Improving Chromium scrolling to better match Windows personality

We’ve been hard at work in the Chromium code base to bring the best aspects of Microsoft Edge scrolling to Chromium while looking for opportunities to improve upon it. These changes are now enabled by default in all channels of the new Microsoft Edge – try them out and let us know what you think!

Improved impulse and touch fling animation curves

One of the improvements we’re bringing to Chromium is a new animation curve for scrolling. This curve gives every mousewheel, keyboard or scrollbar Support.Microsoft.Com/Help scroll as well as touch fling the “smooth” personality seen in the previous version of Microsoft Edge.

Overall, the animation is more tactile with slightly longer with less abrupt changes in velocity. We encourage you to try it out today in the new Microsoft Edge on a Windows 10 device by scrolling using the mousewheel, keyboard or scrollbar or by using touch to do a fling.

Known issue: We’re refining the fling animation curve on some legacy non-PTP touchpads. Stay tuned for Insider announcements of further improvements in that area!

You can see some of the upstream changes in Chromium at the links below:

Percent-based scrolling

Chromium browsers use a fixed scroll delta value (100px per mousewheel tick, 40px per scrollbar button click or keyboard arrow press).  We are changing this behavior to match previous versions of Microsoft Edge, which Support.Microsoft.Com/Help use scroller height to compute scroll deltas. Percent based scrolling is a great functional addition making it much easier to navigate smaller scrollers.

Changes to previous Microsoft Edge personality based on the feedback

Scroll chaining vs. scroll latching

While we’ve brought much of the most-liked uninstall microsoft edge personality back to the new Microsoft Edge, we’re also using this opportunity to re-evaluate some existing behaviors our users were less fond of.

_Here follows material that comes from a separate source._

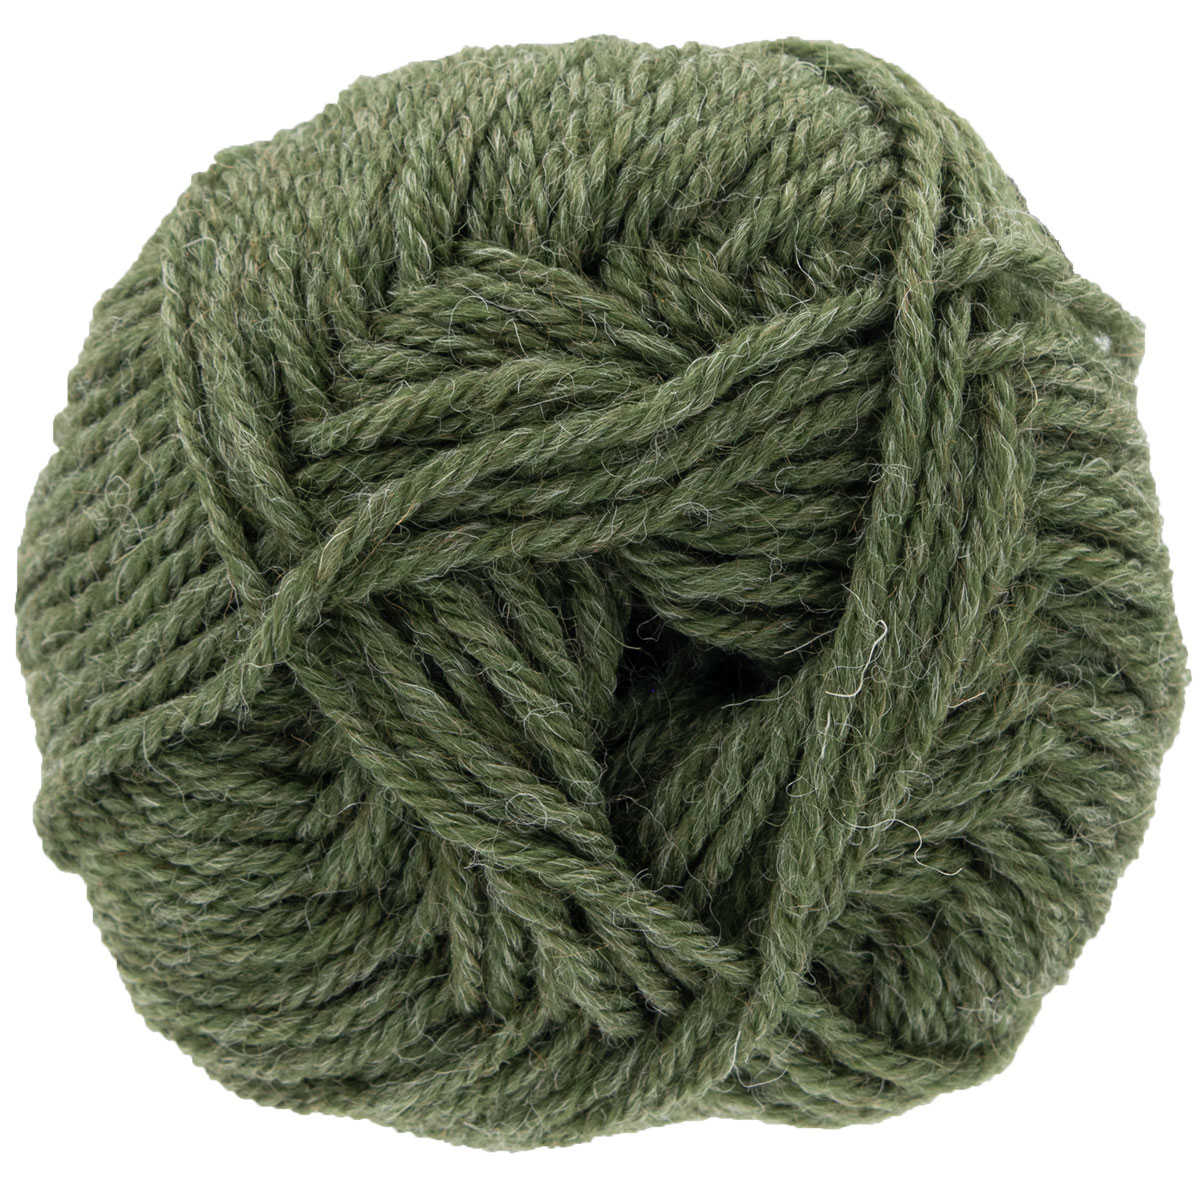 Copenhagen Yarn Store Vlog: Visiting Knitting For Olive (Part 1
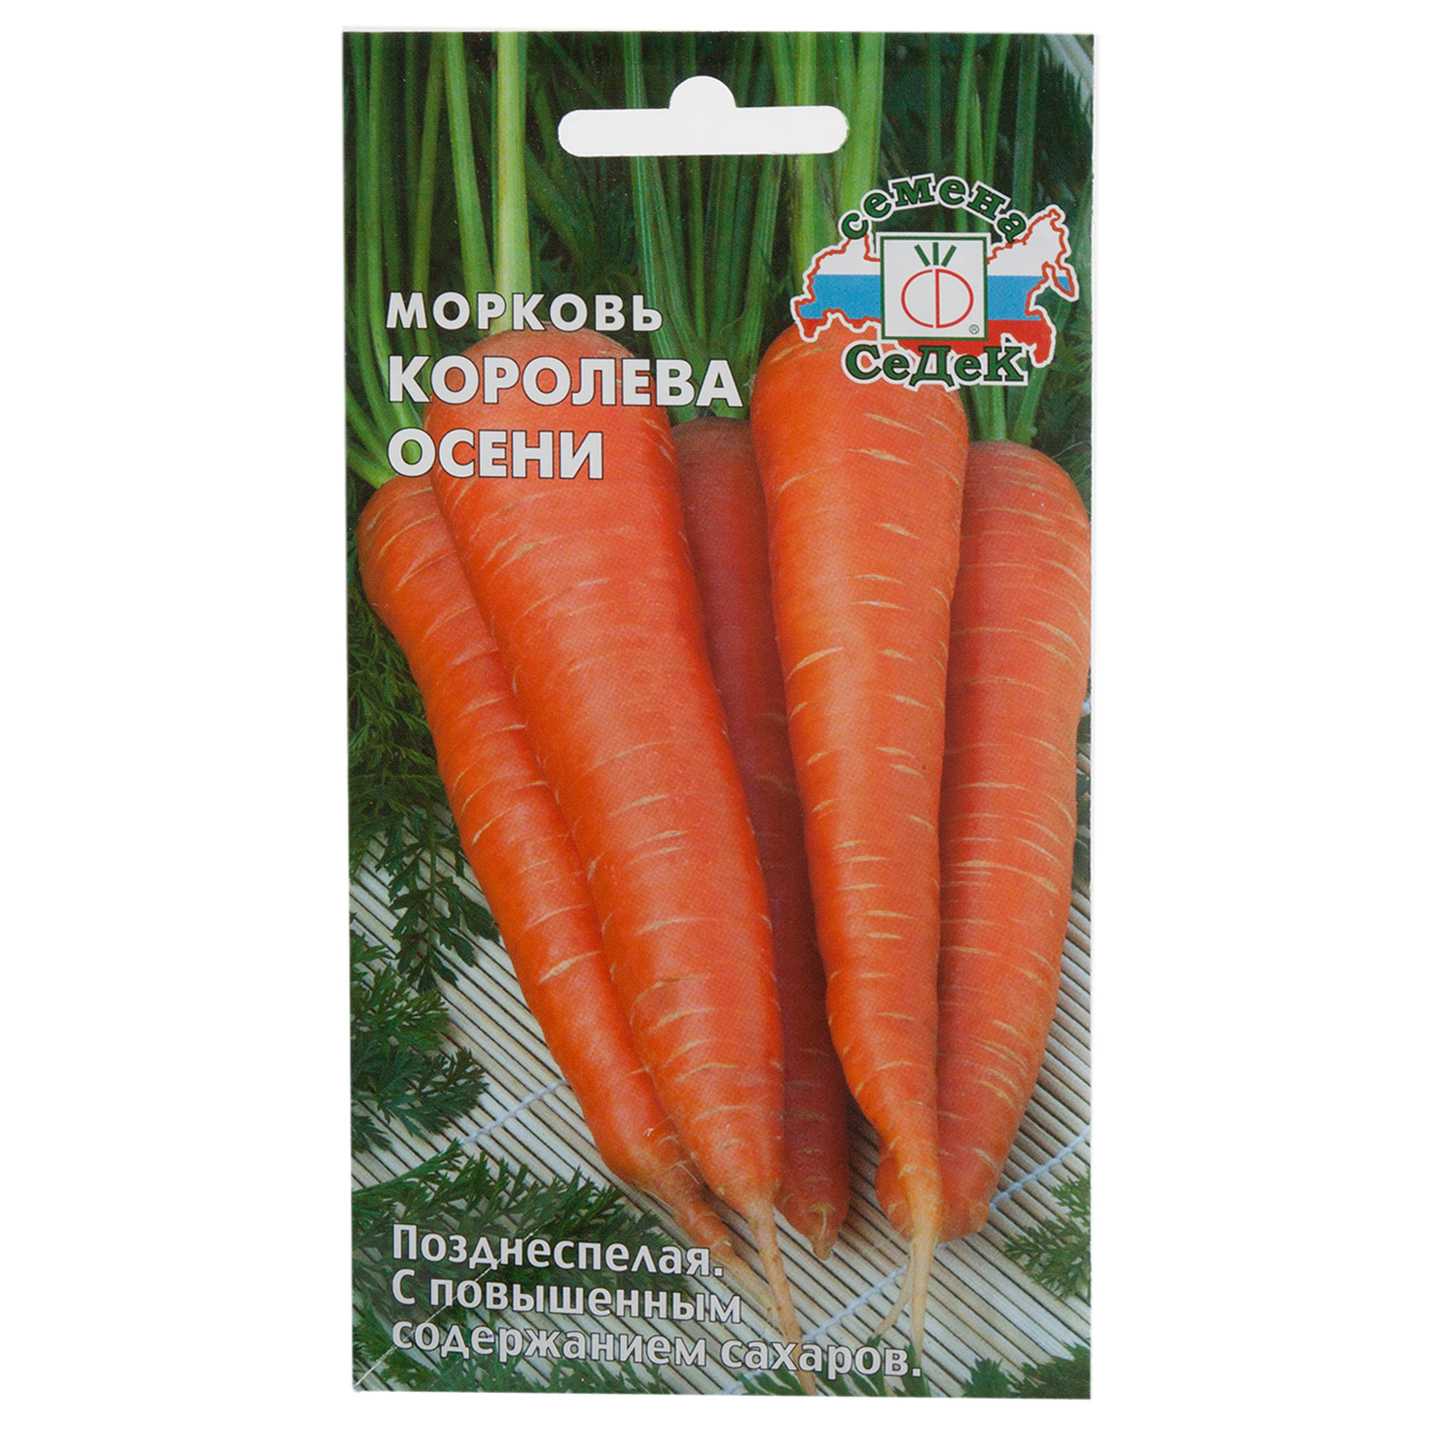 Самые лучшие сорта моркови

Consider scroll chaining, the effect that scrolls the parent scroller once the sub-scroller has reached its bounds. In the past we heard Support.Microsoft.Com/Help a substantial amount of feedback where many users considered this to be a bug on several popular sites.

Chromium already has a concept of scroll latching, when all scrolling manipulation is directed to the same scroller until a certain amount of time passes with no scroll changes.